Showing that $\lim_{x \to 1} \left(\frac{23}{1-x^{23}}-\frac{11}{1-x^{11}} \right)=6$
Both fractions are unbounded as $x\rightarrow 1$. But if we rewrite $$\frac{23}{1-x^{23}}-\frac{11}{1-x^{11}}=\dfrac{23(1-x^{11})-11(1-x^{23})}{(1-x^{23})(1-x^{11})}=\dfrac{11x^{23}-23x^{11}+12}{1-x^{23}-x^{11}+x^{34}}$$ we can use L'Hopital since both sides tend to 0 as $x$ tends to 1. Differentiating both sides give $$\dfrac{253x^{22}-253x^{10}}{-23x^{22}-11x^{10}+34x^{33}}=253\dfrac{x^{12}-1}{-23x^{12}-11+34x^{23}}$$ Both sides still tend to 0, so we differentiate again and get $$253\dfrac{12x^{11}}{-276x^{11}+782x^{22}}$$ which tends to $$253\dfrac{12}{-276+782}=6$$
As $t\to0$, we have
$$\frac{23}{1-(1+t)^{23}}=-\frac{23}{23t+253t^2+O(t^3)}=-\frac{1}{t}\cdot\frac{1}{1+11t+O(t^2)}=-\frac{1}{t}\left(1-11t+O(t^2)\right)$$
Likewise
$$\frac{11}{1-(1+t)^{11}}=-\frac{11}{11t+55t^2+O(t^3)}=-\frac{1}{t}\cdot\frac{1}{1+5t+O(t^2)}=-\frac{1}{t}\left(1-5t+O(t^2)\right)$$
So the difference is
$$-\frac{1}{t}\left(1-11t-1+5t+O(t^2)\right)=6+O(t)$$
And your limit is $6$.
This answer does not use L'Hopital (personal taste), only a standard identity restated below, the binomial theorem, and a straightforward Taylor expansion to first order at $0$.
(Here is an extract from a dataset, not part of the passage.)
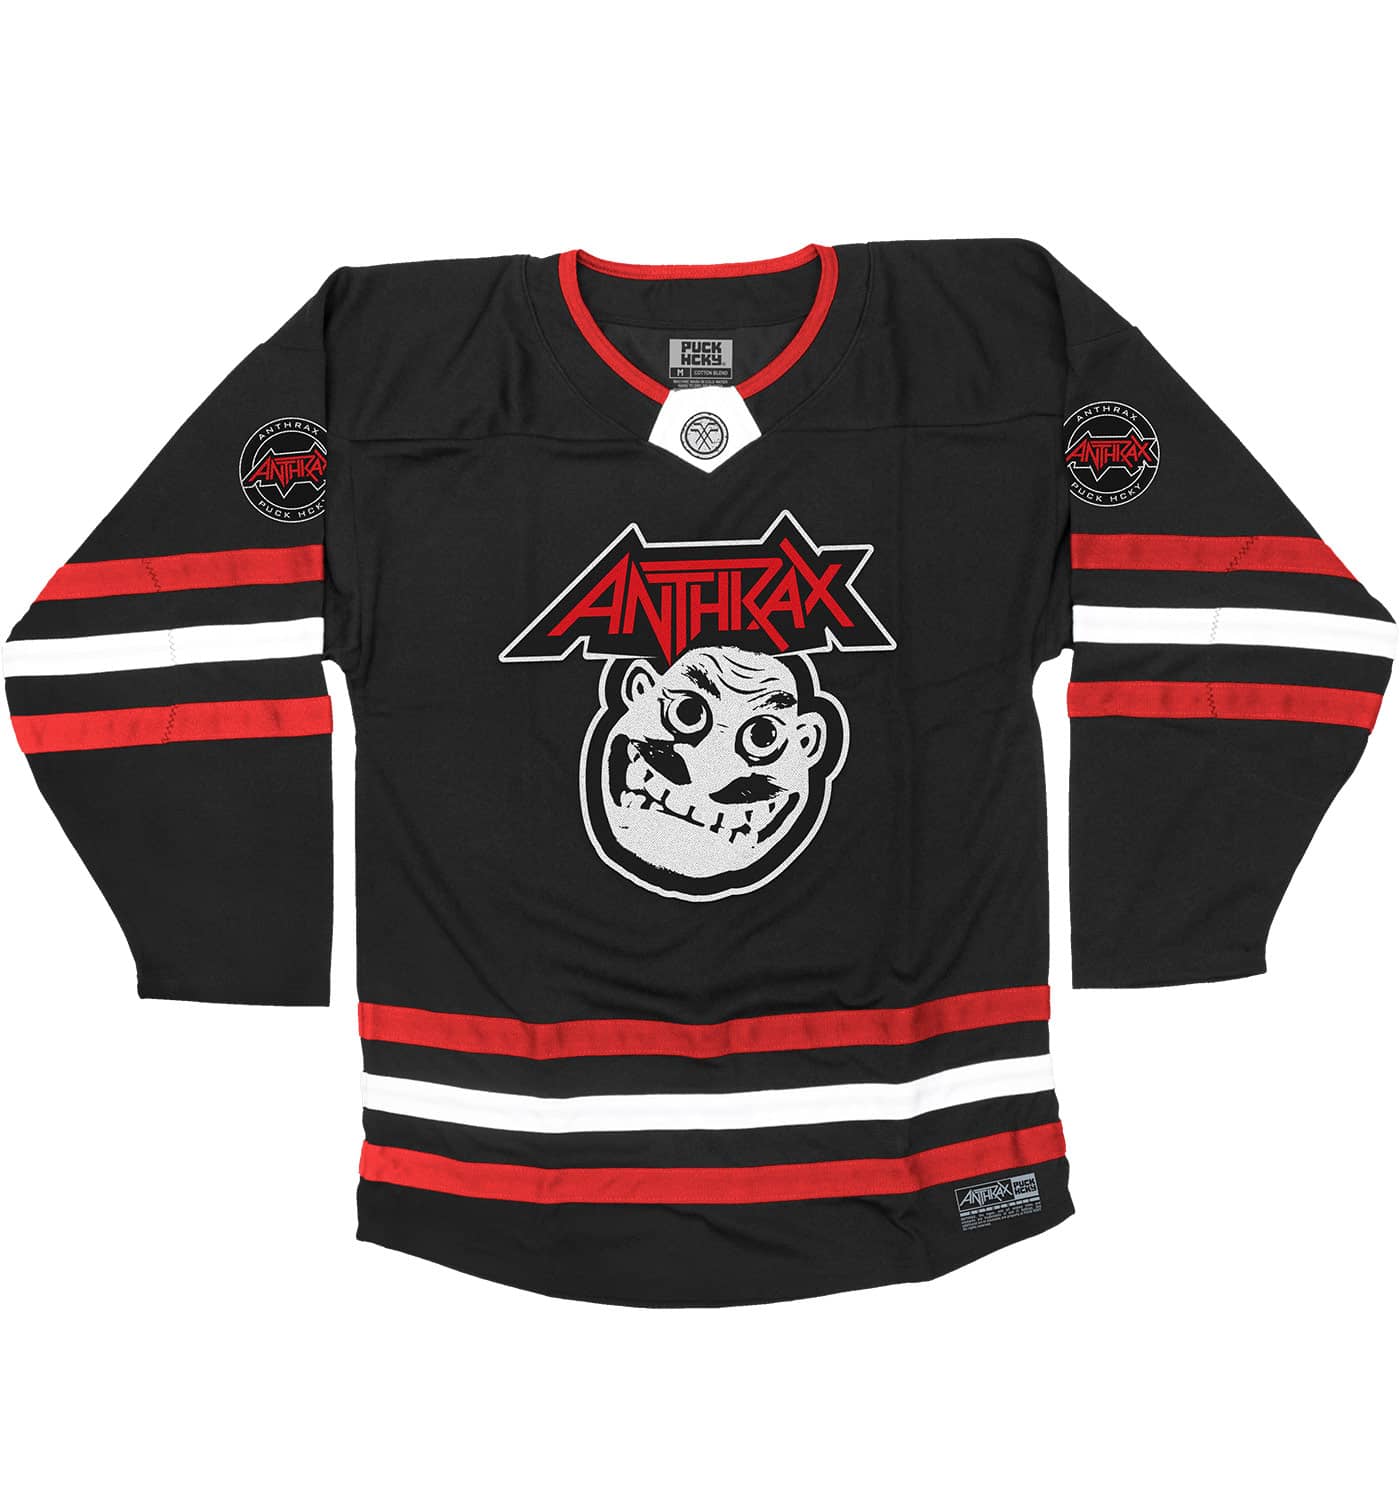 100% Polyester Quick Dry Fabric Funny Hockey Jerseys Ice Hockey Wear

Using the identity $1-x^{2n+1} = (1-x)\sum_{k=0}^{2n} x^k$, we can rewrite $$\begin{align*} \frac{23}{1-x^{23}} - \frac{11}{1-x^{11}} &= \frac{1}{1-x}\left(\frac{23}{\sum_{k=0}^{22}x^k} - \frac{11}{\sum_{k=0}^{10}x^k} \right)\\ &= \frac{1}{1-x}\left(\frac{23\sum_{k=0}^{10}x^k}{\sum_{k=0}^{22}x^k\sum_{k=0}^{10}x^k} - \frac{11\sum_{k=0}^{22}x^k}{\sum_{k=0}^{10}x^k\sum_{k=0}^{22}x^k} \right)\\ &= \frac{1}{\sum_{k=0}^{10}x^k\sum_{k=0}^{22}x^k}\cdot\frac{1}{1-x}\left(23\sum_{k=0}^{10}x^k - 11\sum_{k=0}^{22}x^k \right)\\ \end{align*}$$ Let us focus on the parenthesis (the first factor converges to $\frac{1}{11\cdot 23}$ by continuity, the second is the problematic one that will be "offset" by the parenthesis).
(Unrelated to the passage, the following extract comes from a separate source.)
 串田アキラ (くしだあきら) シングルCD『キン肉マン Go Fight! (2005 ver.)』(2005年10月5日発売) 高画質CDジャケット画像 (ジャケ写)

Writing $x=1+h)$ (where we will have $h\to 0$), we get, for any fixed integer $n$, $$\begin{align*} \sum_{k=0}^{n}x^k &= \sum_{k=1}^{n}(1+h)^k = \sum_{k=1}^{n} \sum_{\ell=0}^k \binom{k}{\ell} h^\ell \\ &= \sum_{k=0}^{n}(1+kh +o(h)) \\ &= (n+1)+\frac{n(n+1)}{2}h +o(h) \end{align*}$$ when $h\to 0$, as $n$ is a constant. In particular, this implies $$\begin{align*} 23\sum_{k=0}^{10}x^k - 11\sum_{k=0}^{22}x^k &= 23\cdot 11+23\cdot \frac{11\cdot10}{2}h - 11\cdot 23-11\cdot \frac{22\cdot 23}{2}h + o(h)\\ &= 23\cdot 11\cdot (-6h) + o(h)\\ &= 23\cdot 11\cdot 6(1-x) + o(1-x) \end{align*}$$ Overall, we thus have $$\begin{align*} \frac{23}{1-x^{23}} - \frac{11}{1-x^{11}} &= \frac{23\cdot 11}{\sum_{k=0}^{10}x^k\sum_{k=0}^{22}x^k}\cdot\frac{6(1-x)+o(1-x)}{1-x} \\ &= \frac{23\cdot 11}{\sum_{k=0}^{10}x^k\sum_{k=0}^{22}x^k}\cdot (6+o(1)) \xrightarrow[x\to1]{} \frac{23\cdot 11}{23\cdot 11} \cdot 6 = 6 \end{align*}$$ as claimed.